Rinse the hulled strawberries and pat them dry. Set aside 3-4 of the prettiest ones to use as garnish, and blend the rest with 2 tablespoons sugar, and a tablespoon or two of the liqueur if you're using it..

Set aside 1/4 cup of the sugar, and mix the remainder with 1/4 cup water. Heat it to a boil and simmer stirring gently, until the mixture thickens and becomes syrupy, about 8-10 minutes.

Remove the syrup from the fire. Squeeze excess moisture from the sheets of gelatin, add them to the syrup, and stir gently until they have completely dissolved. Whisk the mixture into the blended strawberries, mix well, and let the mixture cool.

In the meantime whip the heavy cream with the remaining sugar; you want the cream to be airy and light, but not stiff.

Fold the whipped cream into the blended strawberries.

At this point you have a choice:
  • You can fill 8 small molds with the pudding, if you want to serve individual portions.
  • Or you can put all the pudding into a pint (500 ml, or slightly larger) ribbed mold. Chill the pudding in the refrigerator for several hours, or, better yet, overnight.

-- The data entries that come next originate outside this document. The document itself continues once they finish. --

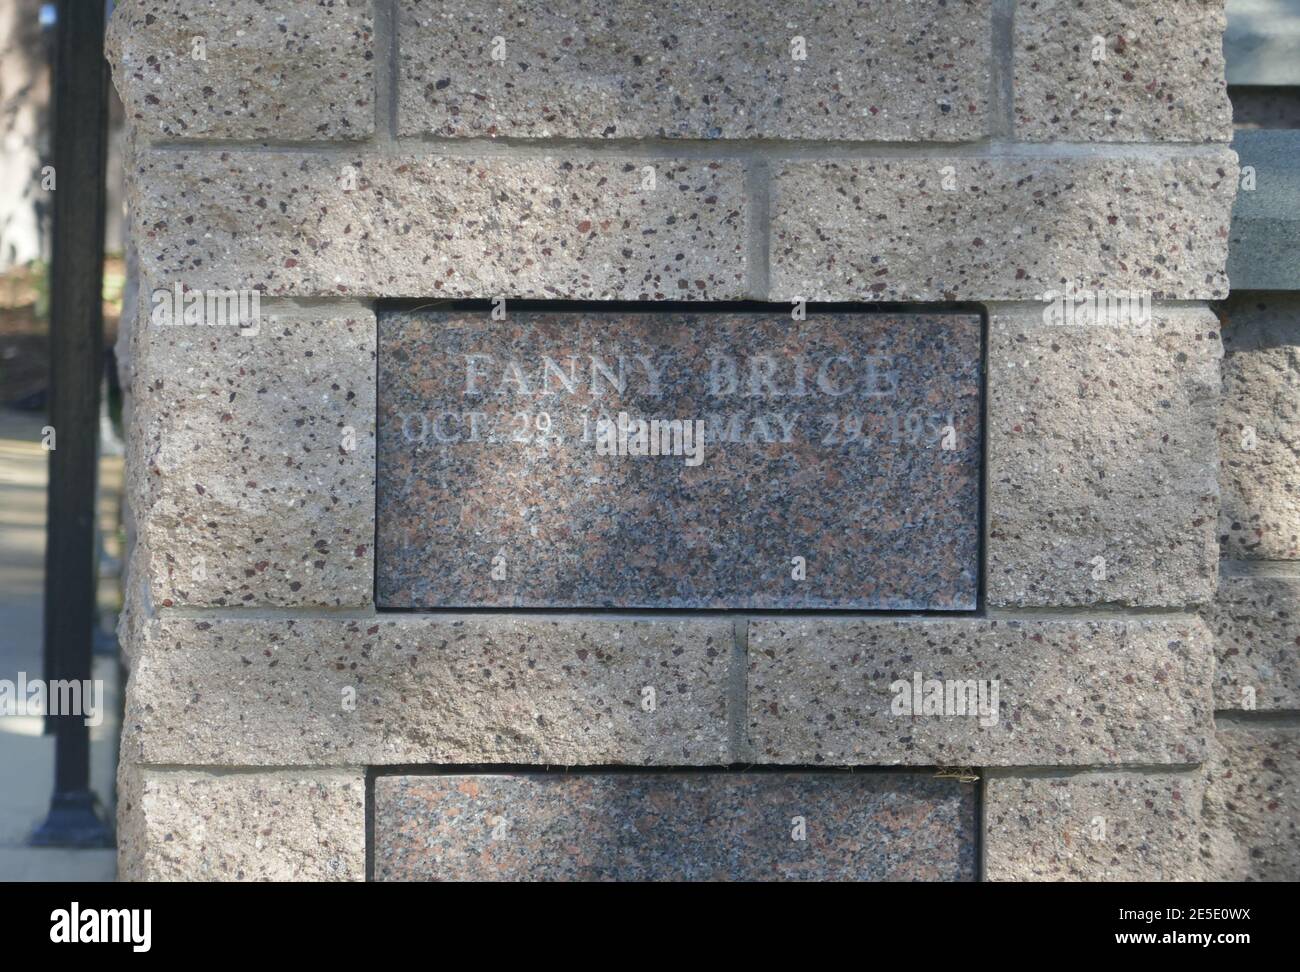 Los Angeles, California, USA 26th January 2021 A general view of atmosphere of comedian Fanny Brice's Grave at Pierce Brothers Westwood Village Memorial Park on January 26, 2021 in Los Angeles, California, USA. Photo by Barry King/Alamy Stock Photo Stock Photo
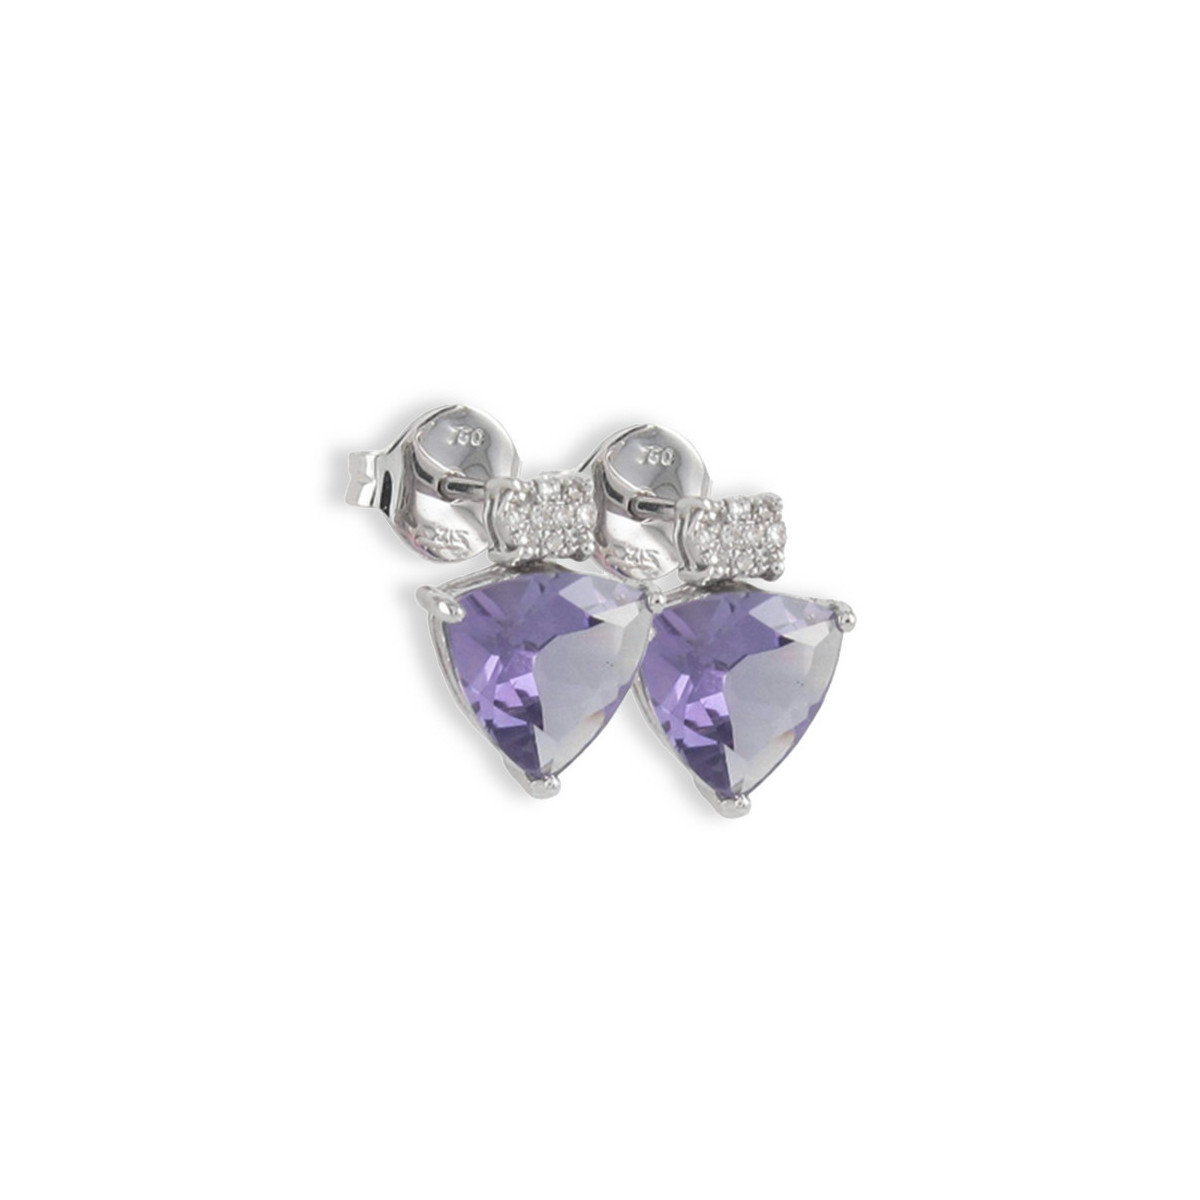 GOLD DIAMONDS AND AMETHYST EARRING
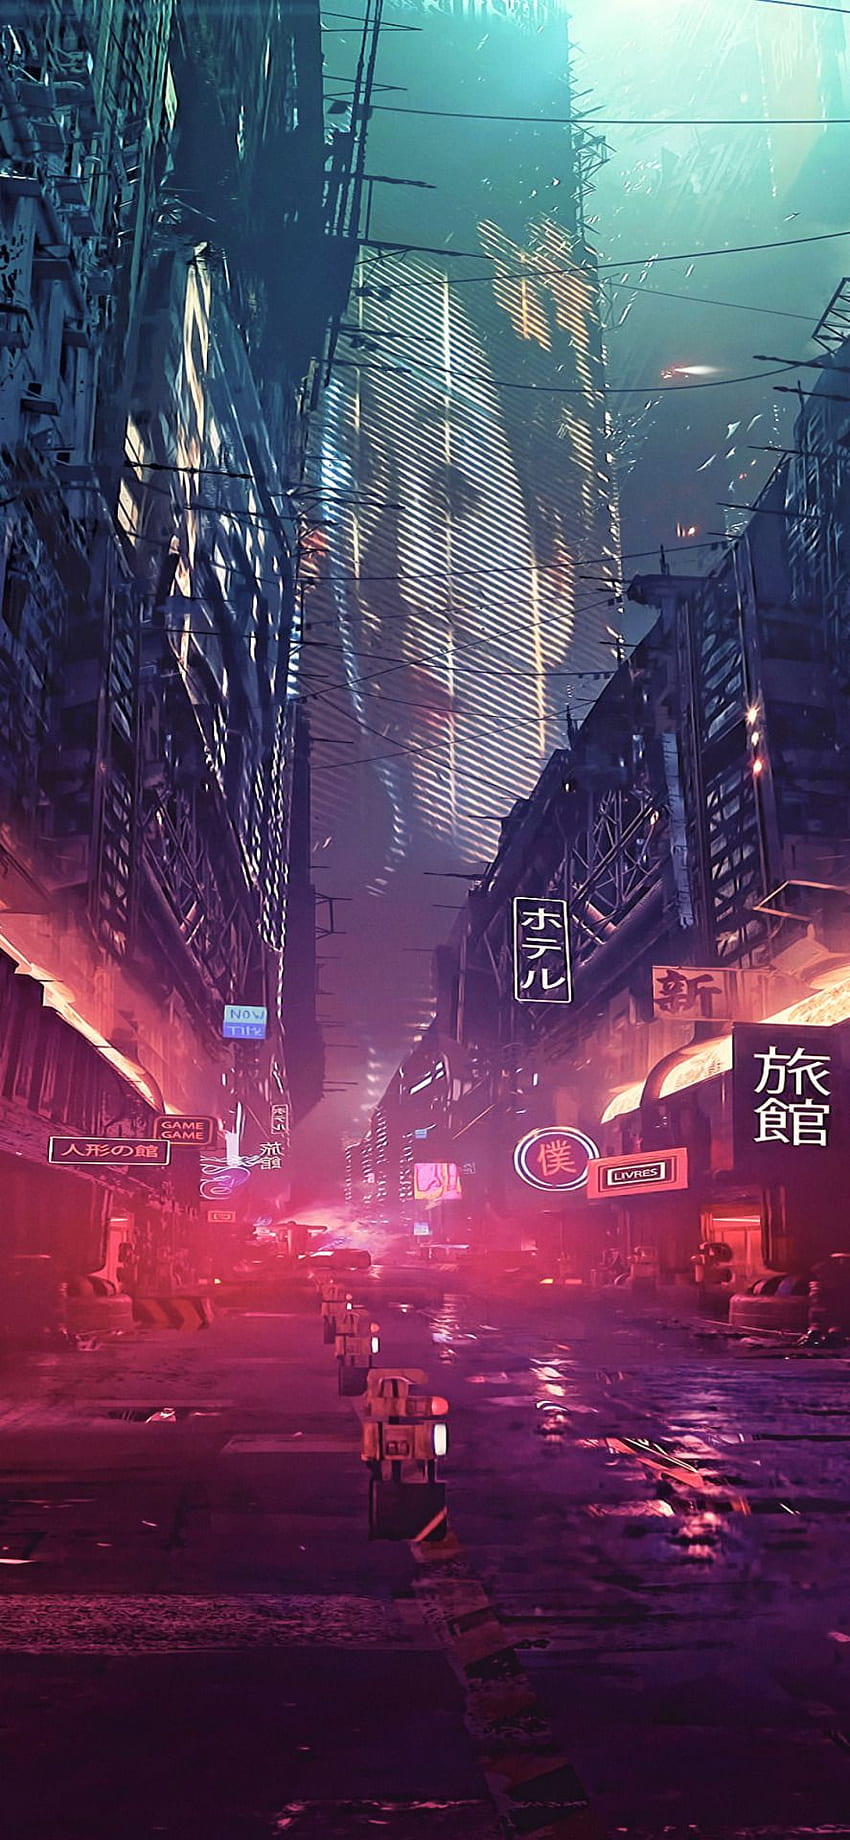 Blade Runner 2049 Phone Wallpaper by Paul Chadeisson  Mobile Abyss

Come time to unmold the pudding, heat a pot of water you can dip the mold into. Let the water heat the mold for just a second (longer and the pudding will begin to melt and run). Cover the mold with your serving dish and flip the two together; the pudding will settle gracefully onto the serving dish (if it doesn't, dip the mold briefly again).

Decorate the pudding with slices of the reserved strawberries, sprigs of mint, and, if you want, a little more whipped cream. Serve at once, before it has time to start warming up.

This time's proverb is Tuscan: Le Disgrazie Sono Come Le Tavole Degli Osti -- Misfortune is like the hostler's table (which is always set).

Until next time,

Kyle Phillips
Editor, The Italian Wine Review
Want to comment? Drop me a line at Kyle@cosabolle.com

PS -- Please forward this to anyone you think would enjoy it! If you would like to read past issues (nothing in them really gets stale), you'll find recent ones at Cosa Bolle.Com, http://www.cosabolle.com, and older ones at http://italianfood.about.com/blbol.htm.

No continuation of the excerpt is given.